Вот фантазерка! Мы ходили по лесу до самого вечера. К ужину я отвел ее в детдом. Прощаясь, Таня даже побледнела.

— Ты больше не приедешь?

— Я же сказал тебе, что пока не уезжаю. Завтра утром я пойду к твоей учительнице. К тебе зайду, но с утра не жди…

Таня вдруг заплакала.

— Ты не уедешь, дядя Коля, ты еще зайдешь?

— Обязательно зайду. Не плачь.

Простившись с девочкой, я пошел устраиваться в гостиницу. Номер был хороший— двухместный. Кто-то расположился на кровати возле окна. Рядом на стуле лежали покупки.
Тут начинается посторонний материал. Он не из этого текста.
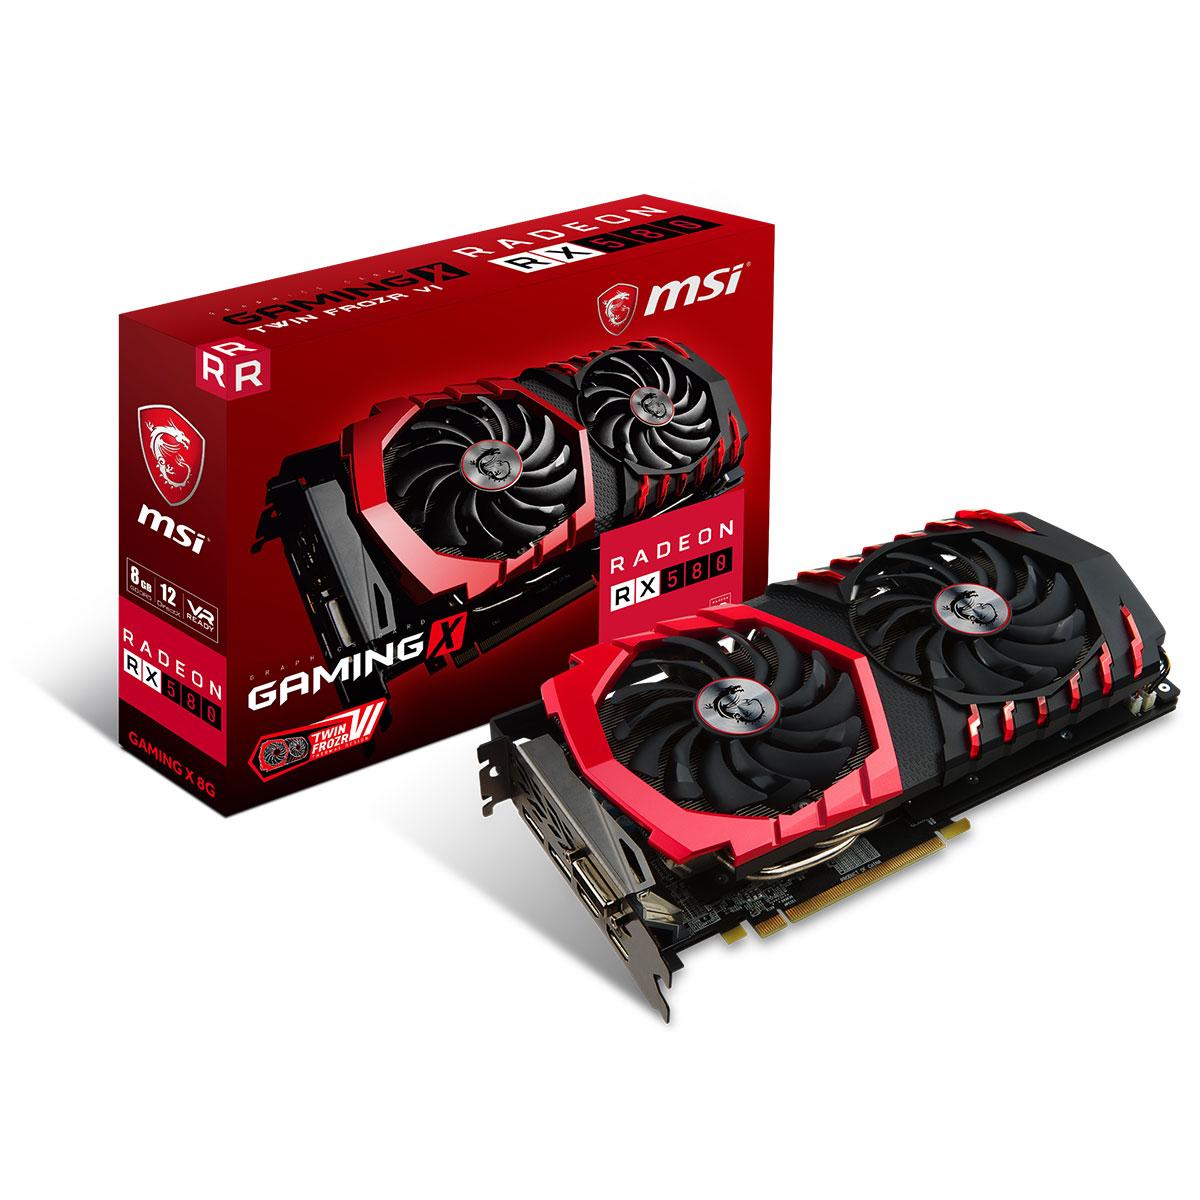 Carte graphique MSI Radeon RX 580 GAMING X 8G 8 Go DVI/Dual HDMI/Dual DisplayPort - PCI Express (AMD Radeon RX 580)

Я умылся, лег на свою кровать, отдохнул минут двадцать и снова вскочил. Мысль о Тане не выходила у меня из головы.

Выйдя на улицу, я зашагал к школе. Таня показывала мне ее, когда мы проходили мимо. Мне повезло: в школе шел педсовет. В коридоре я поймал кого-то из учеников и попросил вызвать из учительской Светлану Викторовну.

Таниной учительнице на вид лет двадцать. Таню она учила два года. Она больше походила на чемпионку спорта, чем на учительницу младших классов в глухом лесном городке: фигура и выправка спортсменки.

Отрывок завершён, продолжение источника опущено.